Мальчика заинтересовало другое.

Парни дружно налегали на длинный железный прут, подсунутый под обломок скалы, но никак не могли сдвинуть глыбу. Какой-то юноша взобрался на соседний уступ, замахнулся киркой, стараясь отколоть еще немного.

— Упадешь. Обвяжись!

Ему бросили веревку. Паренек обвязался вокруг пояса, спустился пониже и, едва удерживаясь на одной ноге, продолжал свое дело.

Гошо, как зачарованный, подвигался к той группе. Тянул за рукав и сестру. Мимо них пробежал бригадир, вывалил из тачки землю.
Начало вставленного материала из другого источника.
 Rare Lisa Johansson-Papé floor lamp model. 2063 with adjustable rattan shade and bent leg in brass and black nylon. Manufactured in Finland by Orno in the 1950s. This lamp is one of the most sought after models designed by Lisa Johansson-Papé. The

Божурка вздрогнула и отшатнулась.

— Эй, девушка! — задорно крикнул парень. — Хватит смотреть, иди-ка помоги!

— Божурка, — прошептал Гошо, — спроси их, что тут делается.

— Почему же не спросить, — приободрилась девушка. Но голос ее был так тих, что парень ничего не расслышал. Она провела рукой по лицу, словно это могло помочь ей собраться с силами, и повторила вопрос. Парень засмеялся.

— Как, разве вы не слыхали? Водохранилище будет. Нижнее шоссе затопит, а мы строим новую дорогу. Теперь тут будут ездить.

Брат с сестрой переглянулись. Но не успели они вымолвить и слова, как послышался резкий свисток и стайка парней и девчат пробежала мимо них. Кто-то крикнул:

— Бегите, сейчас взорвется!

Растерявшись, они не двигались с места. Какая-то девушка схватила Божурку за руку, и только тогда они с Гошо побежали.

— Прячьтесь, прячьтесь!..

За скалой столпились рабочие. Они возбужденно переговаривались.

— Когда-нибудь будете рассказывать, что жили на дне озера, — сказала девушка, притащившая Божурку.

— Неужто правда? А где ж мы тогда будем пасти овец? — воскликнул Гошо.

— А где мы будем жить? — добавила Божурка.

Рабочие дружно рассмеялись.

— Смотри-ка, о чем печалятся! Разве мало других мест?

— Да разве есть что-нибудь лучше?

На своем коротком веку Божурка не видела еще ничего, кроме своего села, и не могла понять, отчего засмеялись эти горожане. На ресницах ее повисли слезинки. Тоненькая девушка обняла Божурку и стала утешать, как ребенка, поранившего палец.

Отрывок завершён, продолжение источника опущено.